Open House Party
- The current Open House Party logo
- Genre: Top 40/CHR
- Running time: 5 hours
- Country of origin: United States
- Syndicates: United Stations Radio Networks (2012-present); RadioCraft (2010-2012); Westwood One (2009-2010); Superadio Networks (1988-2009);
- Hosted by: Saturday: Kannon (2017-present); John Garabedian (1987-2017); Sunday: Joe Breezy (2021-2023); Kannon (2007-2021, 2023-Present); Kane (2004-2007); John Garabedian (1987-2004);
- Created by: John Garabedian
- Original release: September 5, 1987
- Website: Open House Party

= Open House Party =

Open House Party (often referred to as "OHP") is an American radio show hosted by Kannon, branded as "The Biggest Party on the Planet!", playing contemporary hit music. From its inception in September 1987, OHP quickly became popular with its live all-request format, along with a heavy rotation of dance music and remixes that differentiated itself from most Top 40 stations or shows. John Garabedian created and hosted both Saturday and Sunday nights for nearly 30 years. The show's audience and revenue peaked from the mid 1990s to late 2000s, where it was heard on over 175 stations and became the world's most-listened-to radio program on weekend nights. Since Garabedian's departure, the show has changed drastically in terms of presentation and production with less than 30 total affiliates. A key reason for OHP's decline is that it is no longer live, but instead, voice-tracked.

The original logo for Open House Party, used from 1987 to some time in the early 90s.

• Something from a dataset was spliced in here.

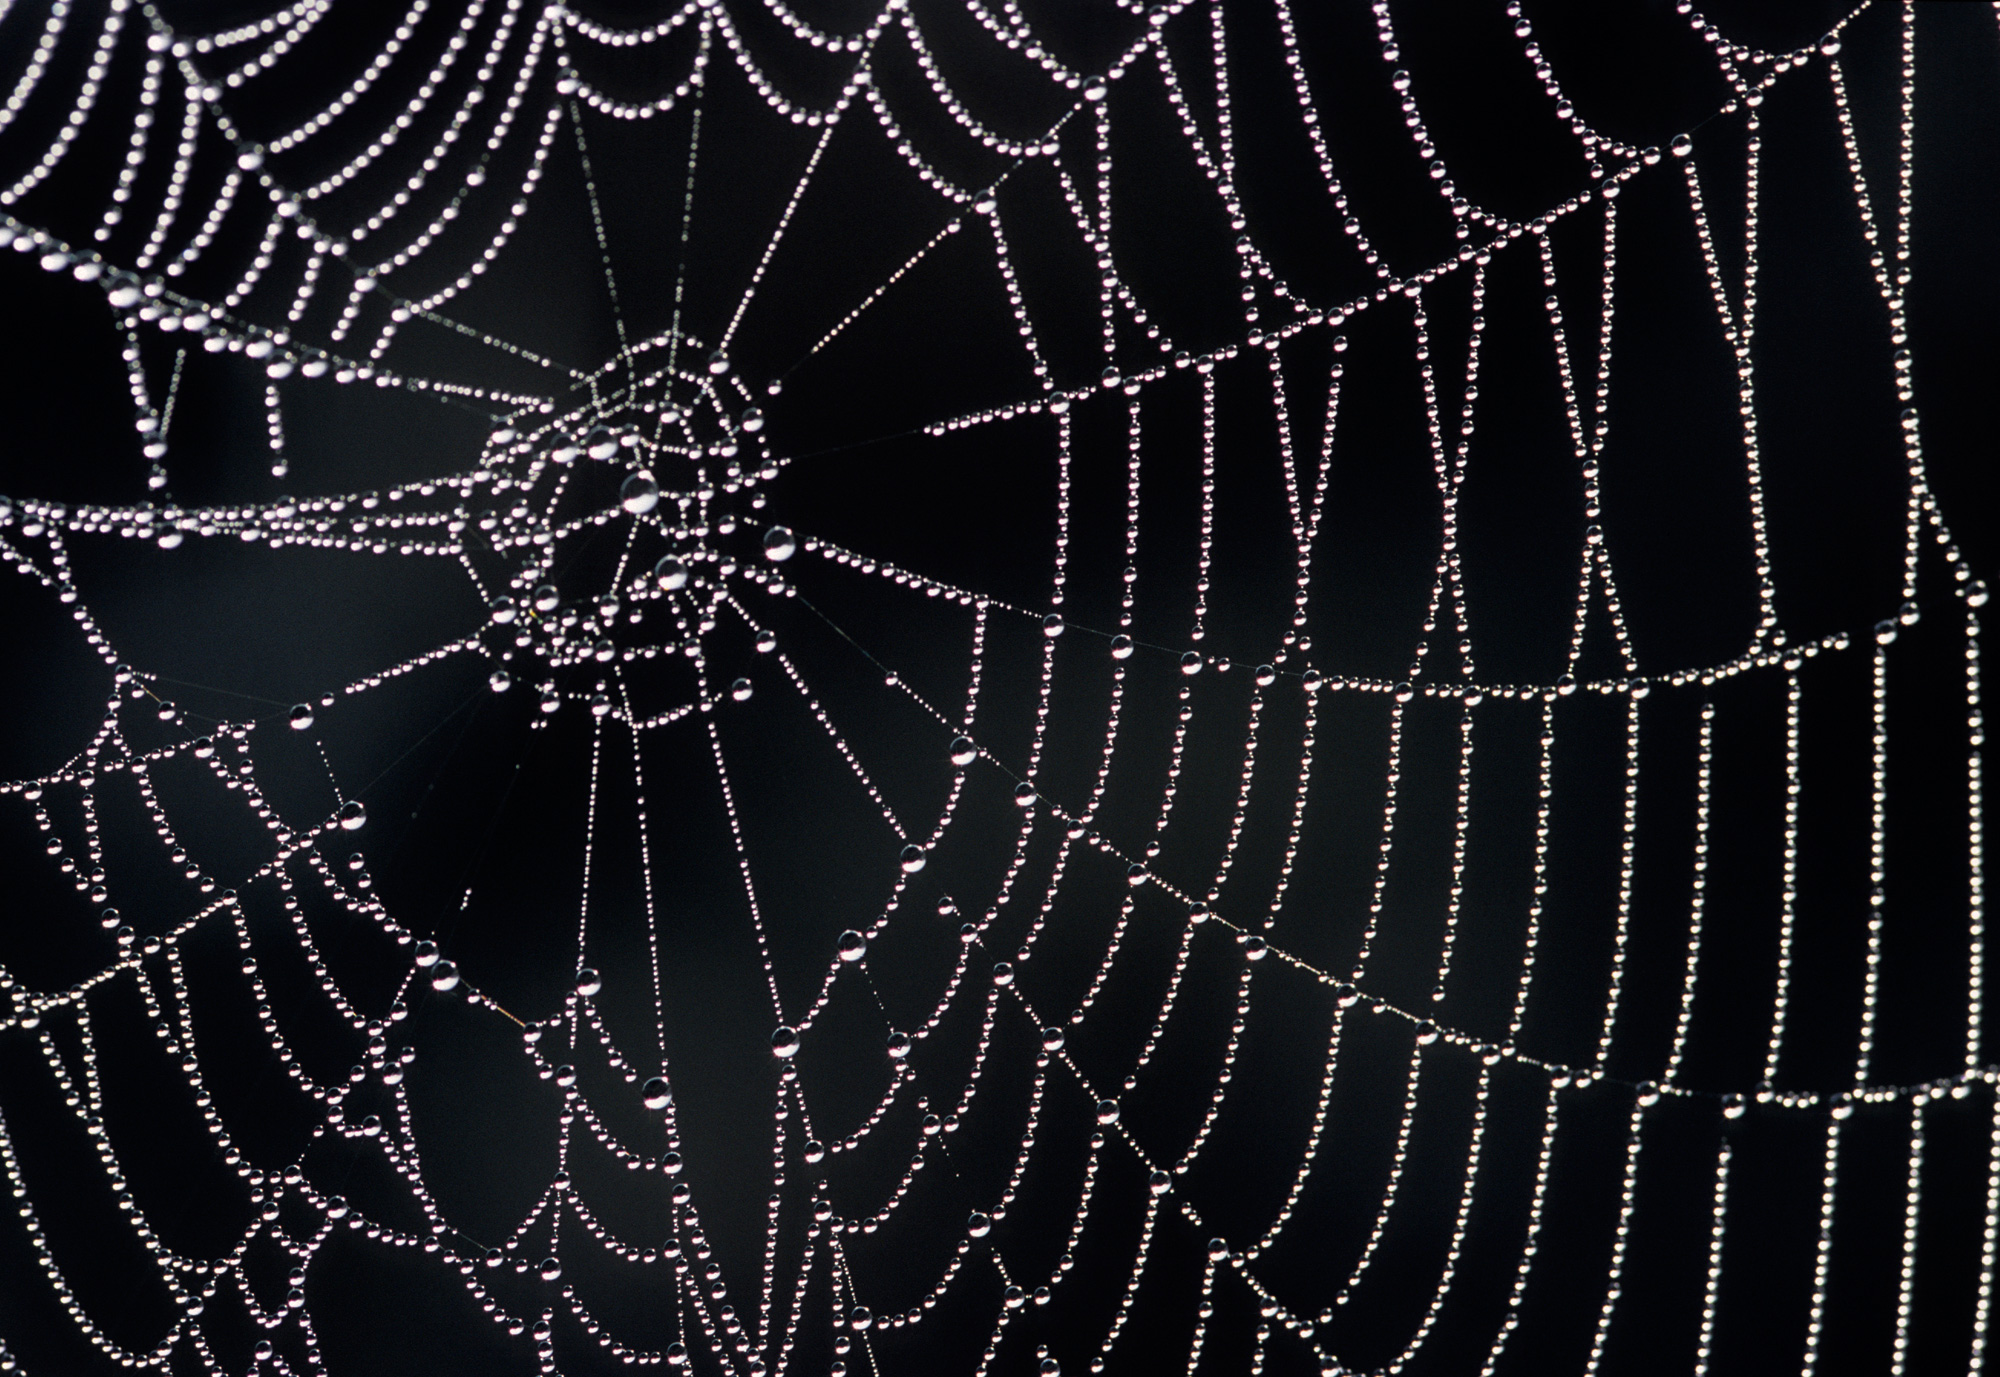 How spider webs achieve their strength | MIT News

The show airs on most affiliates from 7 p.m. to Midnight Eastern Time and 6 p.m. to 11 p.m. Central Time, while stations in the western half of the United States delay the broadcast by two hours. Some stations rebroadcast OHP from Midnight to 5 a.m. (in Eastern and Mountain Time) or 11 p.m. to 4 a.m. (in Central and Pacific Time).

==History==
In 1955, the original Open House Party was created as the afternoon show on radio station WORC in Worcester, Massachusetts. Garabedian would often co-host the show and went on to become one of the key people to bring up ratings and create major success for the station. After the sale of Garabedian's television station V66 in 1986, he realized that being on the radio was his true passion. In March 1987, Garabedian went to a party in Boston where he bumped into the legendary Program Director of Kiss 108/WXKS-FM, Sunny Joe White, who asked Garabedian if he would do a weekend shift on the station. At dinner the following week, Garabedian proposed the idea for a big live, interactive, national party show. White loved it, and agreed to put it on Kiss 108. After looking into various office buildings, Garabedian decided to do the show from his basement. He and his friends strapped a 50-foot pole to his chimney to hold up a little microwave antenna aimed at the Prudential Tower, 24 mi to the east, in downtown Boston.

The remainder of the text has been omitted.